**Supplied information**
-*-*-

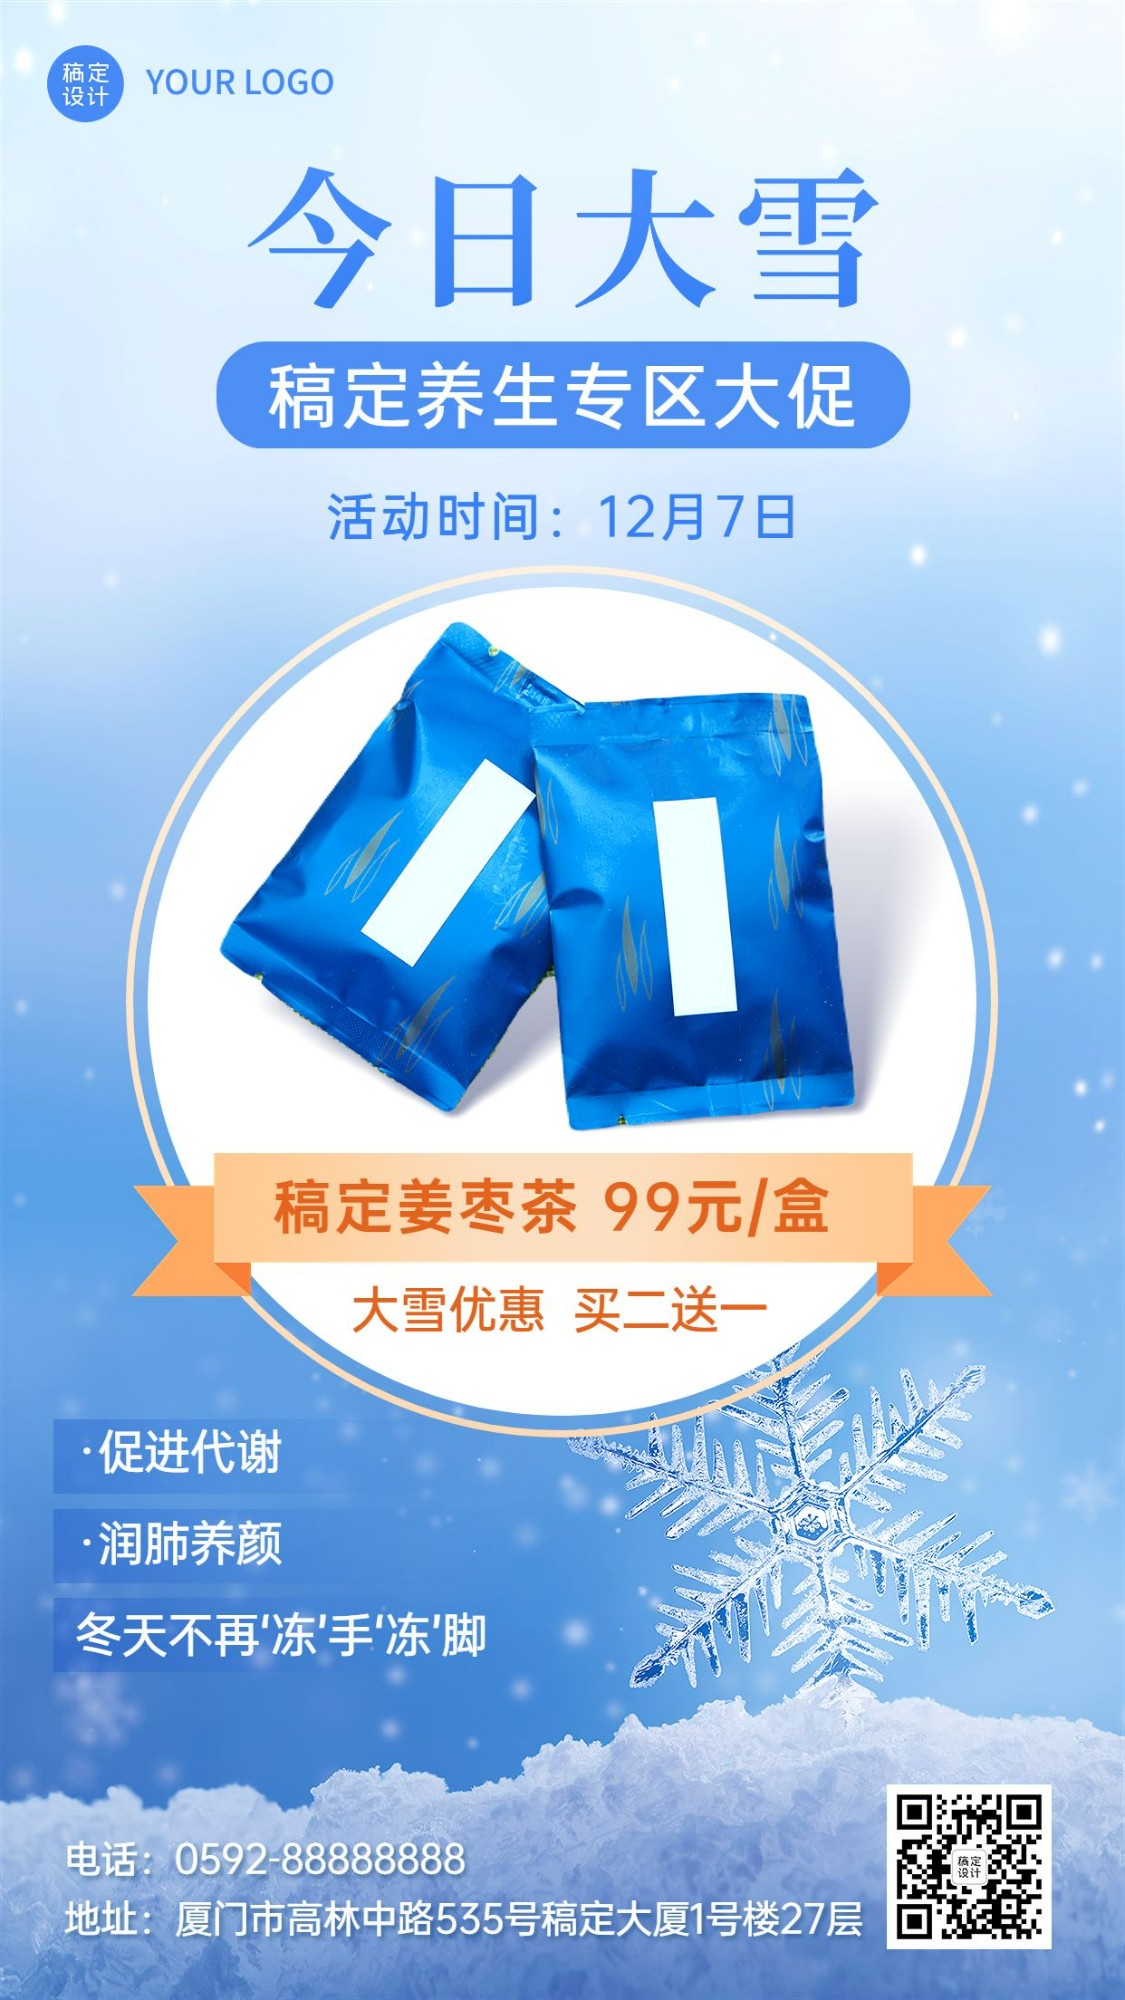 微商大雪节气养生保健产品展示营销手机海报预览效果
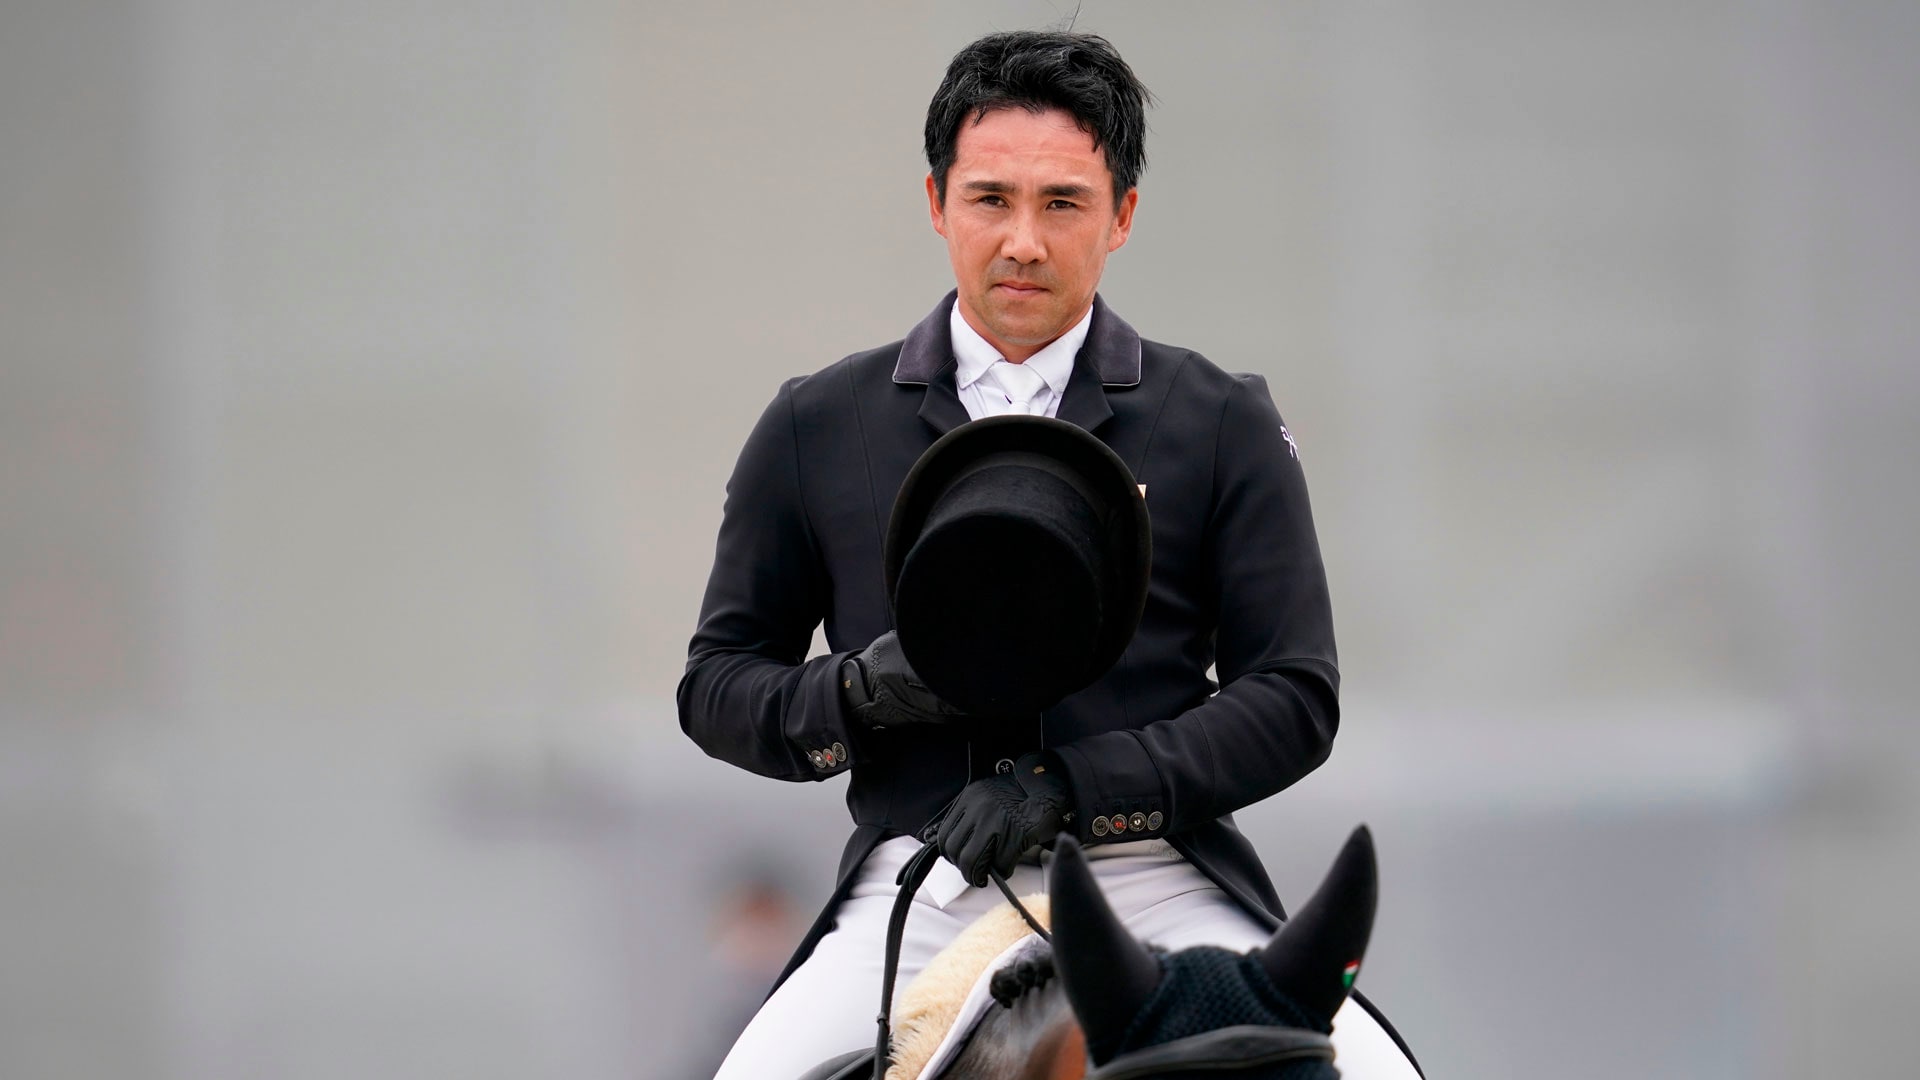 来年6月の大会を参考に監督が決定 馬場馬術 東京五輪の人馬選考基準が改定
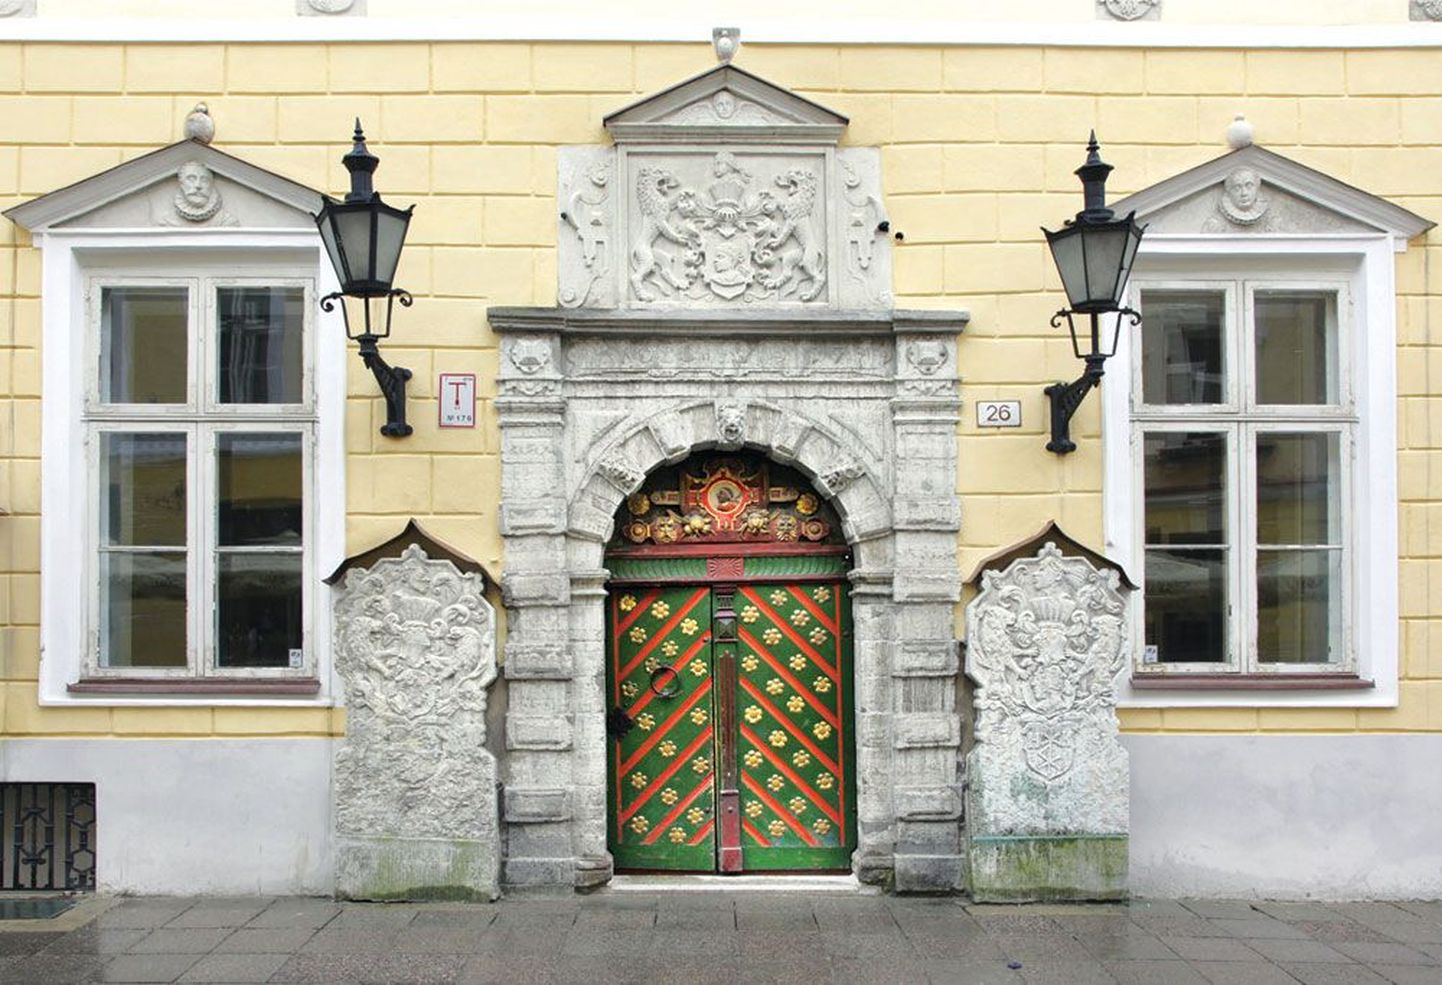 Tallinna vanalinnas Pikk tänav 26 asuv Mustpeade maja kuulus keskajal samanimelisele vennaskonnale, mis oli vallaliste kaupmeeste ja laevaomanike ühendus.
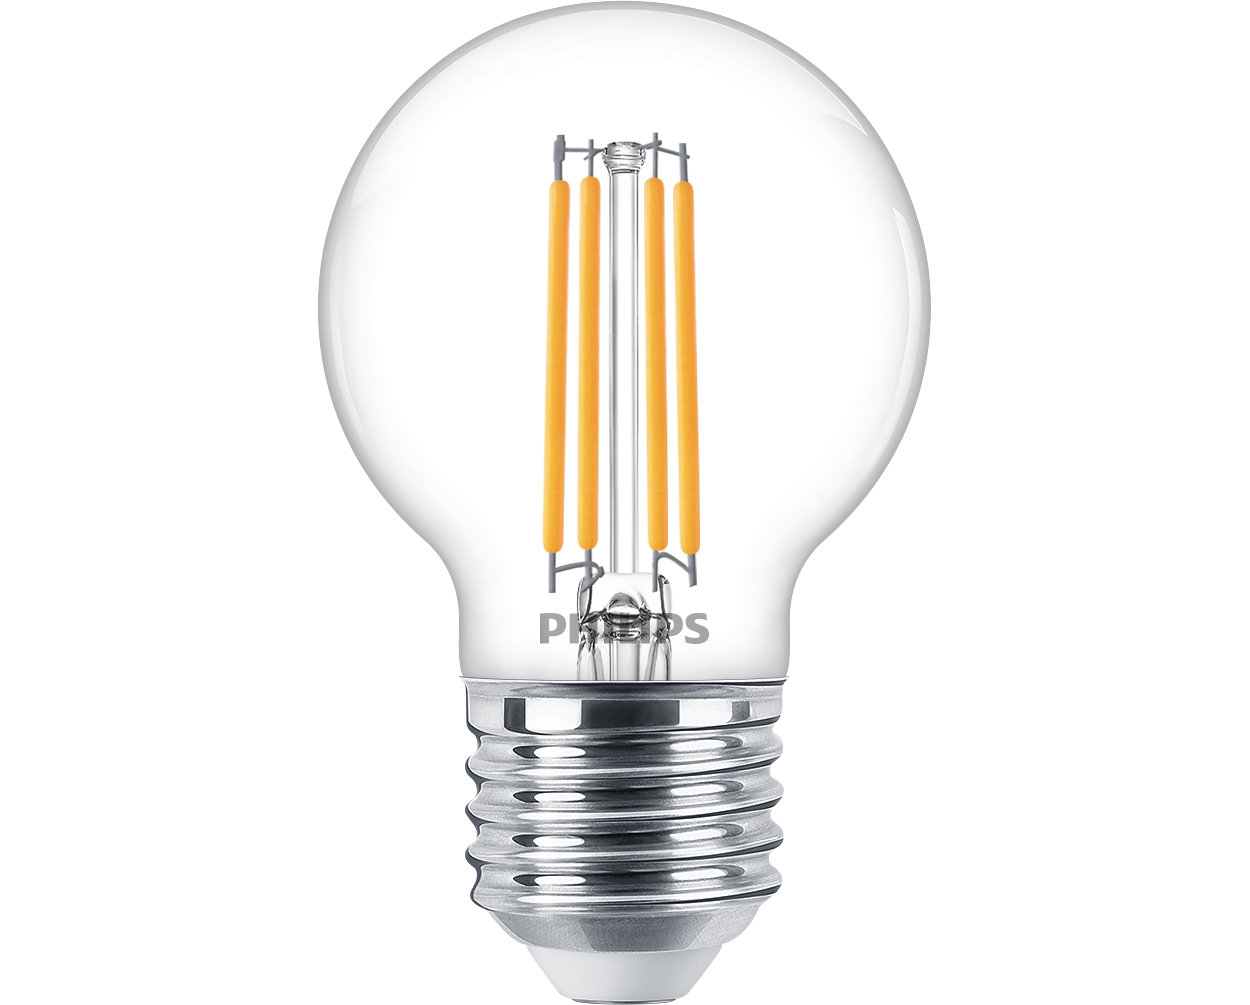 Lámparas LED clásicas de filamento para iluminación decorativa

-*-*-

**Problem statement**
What is needed is an exact reproduction of the data, pictures excluded.

**Task output**
 微商大雪节气养生保健产品展示营销手机海报预览效果
 来年6月の大会を参考に監督が決定 馬場馬術 東京五輪の人馬選考基準が改定
 Tallinna vanalinnas Pikk tänav 26 asuv Mustpeade maja kuulus keskajal samanimelisele vennaskonnale, mis oli vallaliste kaupmeeste ja laevaomanike ühendus.
 Lámparas LED clásicas de filamento para iluminación decorativa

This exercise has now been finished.